▶ [What the exercise asks] Each line in the entries below that holds the string "Nike" is to be listed.

# # # #

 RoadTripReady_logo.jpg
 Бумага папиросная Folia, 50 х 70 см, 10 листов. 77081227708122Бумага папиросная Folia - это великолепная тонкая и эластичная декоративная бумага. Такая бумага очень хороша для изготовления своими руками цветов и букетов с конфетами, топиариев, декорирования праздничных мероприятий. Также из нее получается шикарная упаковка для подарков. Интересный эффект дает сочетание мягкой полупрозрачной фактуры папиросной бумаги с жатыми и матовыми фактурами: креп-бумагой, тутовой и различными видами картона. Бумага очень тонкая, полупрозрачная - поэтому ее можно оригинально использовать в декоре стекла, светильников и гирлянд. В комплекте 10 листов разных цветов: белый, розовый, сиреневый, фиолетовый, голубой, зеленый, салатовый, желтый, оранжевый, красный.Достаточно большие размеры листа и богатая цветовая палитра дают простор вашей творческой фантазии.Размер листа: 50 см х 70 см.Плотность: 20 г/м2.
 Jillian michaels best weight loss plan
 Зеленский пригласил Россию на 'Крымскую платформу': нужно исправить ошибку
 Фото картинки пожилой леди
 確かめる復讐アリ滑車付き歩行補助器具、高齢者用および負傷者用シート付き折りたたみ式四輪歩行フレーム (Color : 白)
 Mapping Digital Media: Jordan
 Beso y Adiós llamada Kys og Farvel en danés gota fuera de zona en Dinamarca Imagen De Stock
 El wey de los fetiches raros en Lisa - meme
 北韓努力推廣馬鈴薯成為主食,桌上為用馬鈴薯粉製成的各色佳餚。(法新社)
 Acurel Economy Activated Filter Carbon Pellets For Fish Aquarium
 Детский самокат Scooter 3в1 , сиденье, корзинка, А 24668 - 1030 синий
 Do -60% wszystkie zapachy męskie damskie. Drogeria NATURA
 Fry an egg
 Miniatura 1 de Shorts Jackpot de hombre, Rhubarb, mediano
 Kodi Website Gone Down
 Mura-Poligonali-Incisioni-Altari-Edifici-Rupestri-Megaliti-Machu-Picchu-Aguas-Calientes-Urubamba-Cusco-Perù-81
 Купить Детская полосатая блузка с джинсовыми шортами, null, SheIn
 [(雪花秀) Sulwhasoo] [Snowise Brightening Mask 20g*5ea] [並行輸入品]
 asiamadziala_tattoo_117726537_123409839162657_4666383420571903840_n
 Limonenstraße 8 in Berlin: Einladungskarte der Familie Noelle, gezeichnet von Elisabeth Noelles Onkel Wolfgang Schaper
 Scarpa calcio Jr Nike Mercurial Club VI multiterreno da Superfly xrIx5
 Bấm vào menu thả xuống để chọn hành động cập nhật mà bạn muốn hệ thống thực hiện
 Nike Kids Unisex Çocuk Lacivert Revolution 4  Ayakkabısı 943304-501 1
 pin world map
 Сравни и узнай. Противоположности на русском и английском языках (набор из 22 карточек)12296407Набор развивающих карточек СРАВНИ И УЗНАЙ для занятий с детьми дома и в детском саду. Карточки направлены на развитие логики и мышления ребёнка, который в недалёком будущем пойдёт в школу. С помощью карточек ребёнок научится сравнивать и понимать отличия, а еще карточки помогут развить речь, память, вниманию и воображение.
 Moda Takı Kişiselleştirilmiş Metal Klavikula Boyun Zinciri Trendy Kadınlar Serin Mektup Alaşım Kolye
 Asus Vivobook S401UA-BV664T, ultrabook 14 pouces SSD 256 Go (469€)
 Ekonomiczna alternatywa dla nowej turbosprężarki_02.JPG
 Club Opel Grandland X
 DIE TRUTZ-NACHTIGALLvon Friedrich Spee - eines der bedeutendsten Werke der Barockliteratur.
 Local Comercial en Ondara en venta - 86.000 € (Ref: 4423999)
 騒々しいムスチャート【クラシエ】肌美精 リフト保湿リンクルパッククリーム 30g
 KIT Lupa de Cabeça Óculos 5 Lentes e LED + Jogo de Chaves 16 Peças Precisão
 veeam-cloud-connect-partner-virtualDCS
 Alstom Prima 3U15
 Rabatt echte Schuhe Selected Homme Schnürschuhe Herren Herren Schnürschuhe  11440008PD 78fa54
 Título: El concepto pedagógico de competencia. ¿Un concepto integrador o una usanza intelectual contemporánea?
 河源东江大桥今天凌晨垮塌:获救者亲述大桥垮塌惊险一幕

# # # #

▶ [Result for this task]
 Scarpa calcio Jr Nike Mercurial Club VI multiterreno da Superfly xrIx5
 Nike Kids Unisex Çocuk Lacivert Revolution 4  Ayakkabısı 943304-501 1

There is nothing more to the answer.